Project 5 / Face Detection with a Sliding Window

In this project, I implemented Dalal and Triggs with sliding windows. Below are the details of the implementation

Get positive features and negative features

In get_positive/negative_features.m, I collected hog features of both positive templates (examples with faces) and negative examples(pictures without faces). I converted pictures into single format and called vl_hog function to get HOG features from these pictures.

One thing to notice in get_negative_features.m is that I tried getting negative features for different scales since in the run_detector function we classify windows at multiple scales. However, the average accuracy dropped about 3% with same values on other parameters like cell size and threshold. So I decide to just randomly select negative features at fixed scale.

Train classifier

this function is relatively straightforward. All I needed to do is to create labels for positive and negative examples and train the classifier. I tested out with several small lambda numbers but they don't seem to affect the accuracy too much.
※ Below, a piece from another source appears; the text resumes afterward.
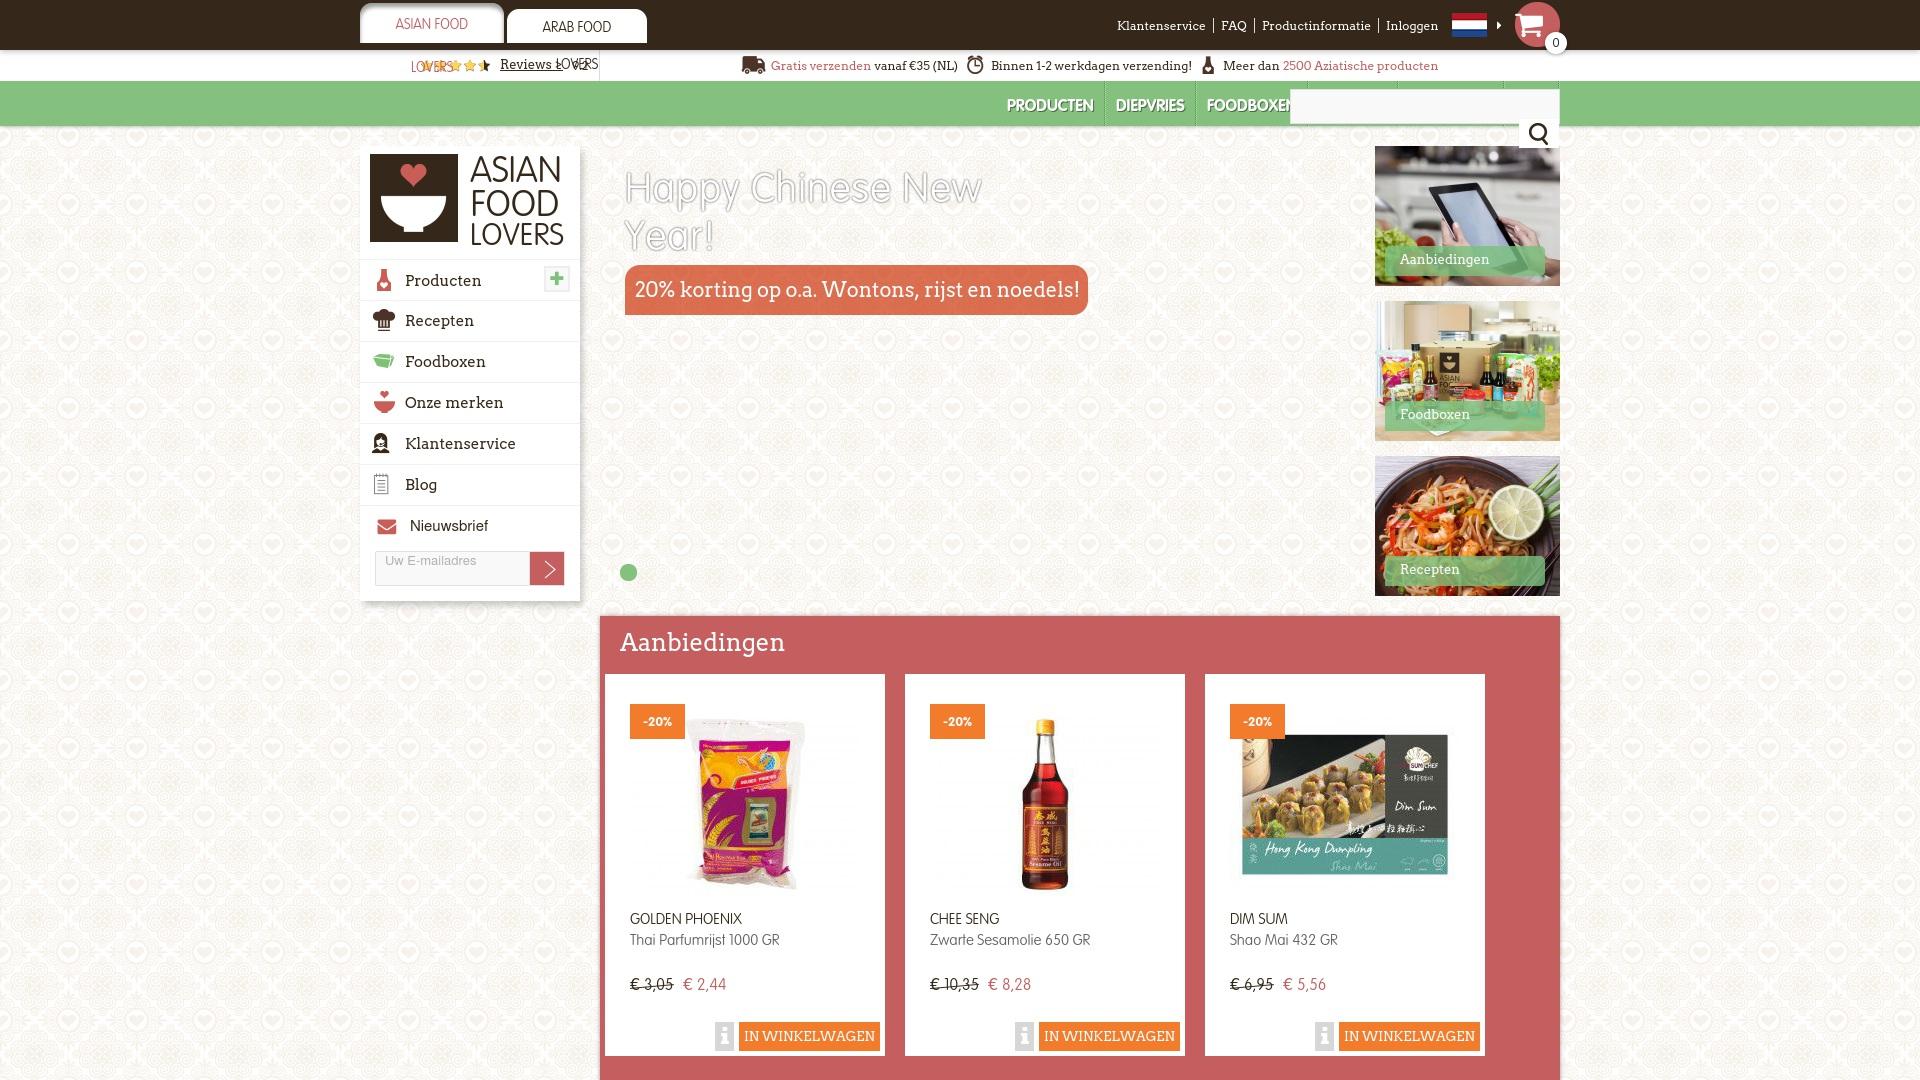 Gutschein für Asianfoodlovers: Rabatte für  Asianfoodlovers sichern
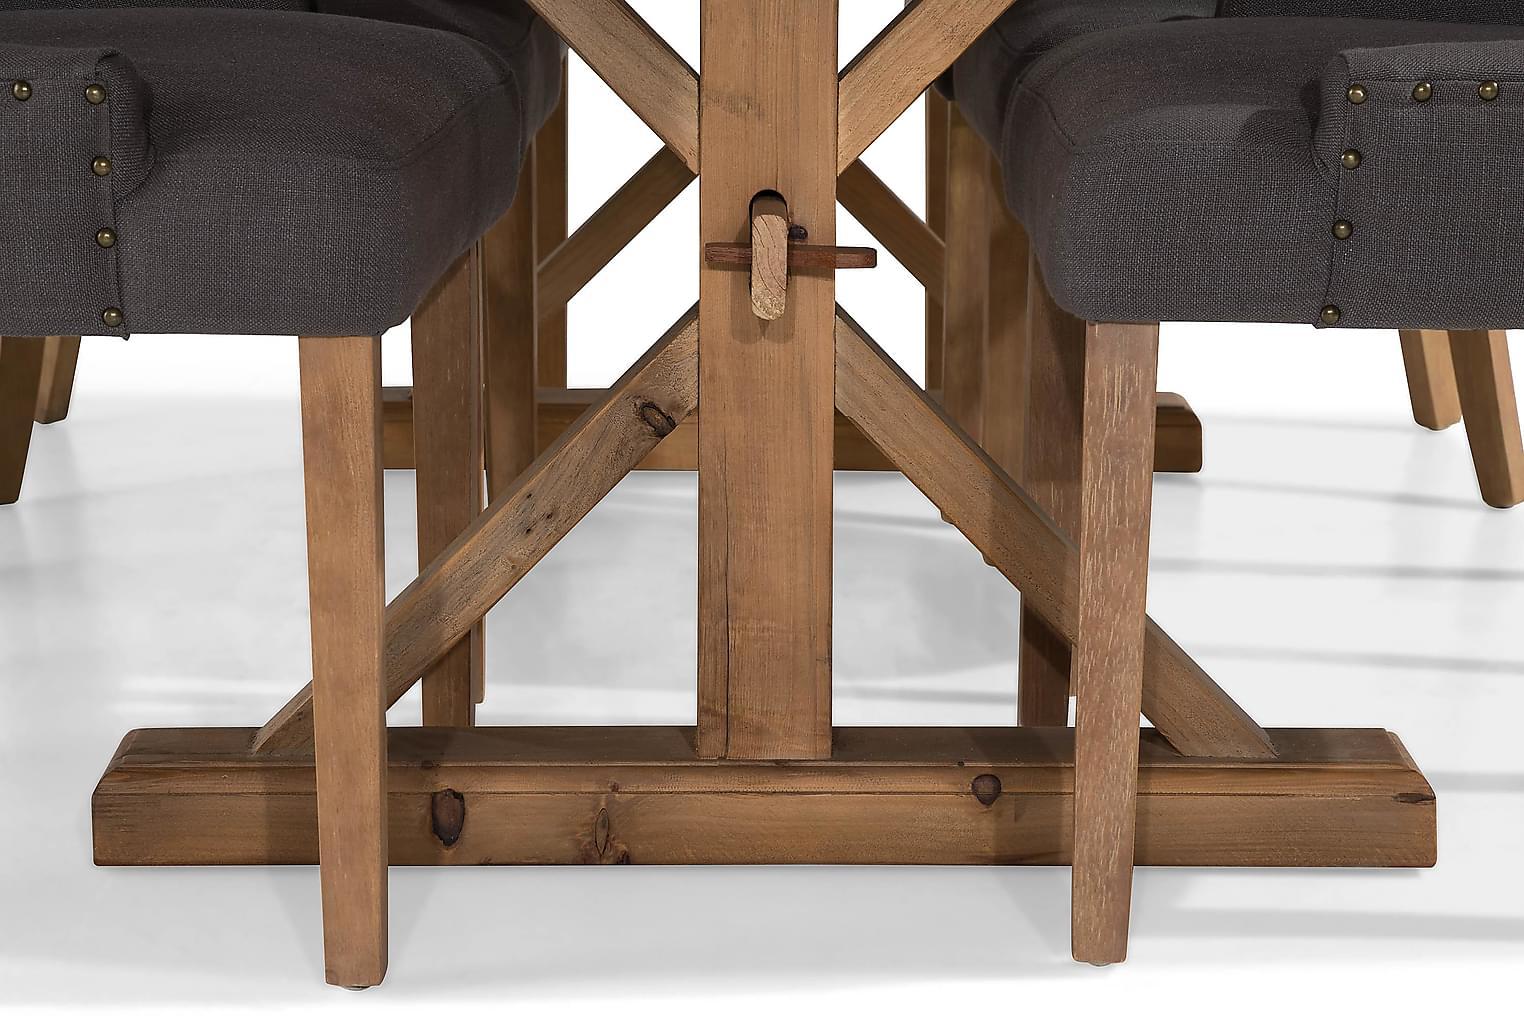 LIRE Pöytä 200 Luonnonväri + 6 COLFAX tuolia Harm/Luonnonv

So I kept the value as 0.0001.

Run detector

The tricky part of the function is to figure out the corresponding position between parts of the original test pictures and scales images that are likely to be faces.

Example of code with highlighting


%example code
scale_min = feature_params.template_size / min(size(img));
    for d = scale_min : 0.05 : 1
        scale_img = imresize(img, d);
        hog_space = vl_hog(scale_img, feature_params.hog_cell_size);
        height = floor(size(scale_img, 1) / feature_params.hog_cell_size);
        width = floor(size(scale_img, 2) / feature_params.hog_cell_size);

        window_hog = zeros((height-range+1)*(width-range+1), range^2*31);
        for k = 1 : height-range+1
            for j = 1 : width-range+1
                patch = hog_space(k:k+range-1, j:j+range-1, :);
                patch = reshape(patch, 1, range^2*31);
                window_hog((k-1)*(width-range+1)+j, :) = patch;
            end
        end

        scores = window_hog * w + b;
        indices = find(scores > 0.5);
        scale_confidences = scores(indices);

				%transform the one row to corresponding face boundaries
        row_num = floor(indices / (width - range + 1));
        col_num = mod(indices, width - range + 1);
        row_num(find(col_num == 0)) = row_num(find(col_num == 0)) - 1;
        col_num(find(col_num == 0)) = width - range + 1;

I would like to highlight several decisions and parameter values in this part

Results in a table

Example of detection on the test set.

Precision Recall curve.

Above are the two visualizations for the picture taken during the class. The one on the left is with 0.5 threshold, and the one on the right is with 0.75 threshold. From the comparisons we can see that overall the picture with higher threshold has less false positive boxex (detections).On the other hand, most faces are correctly detected.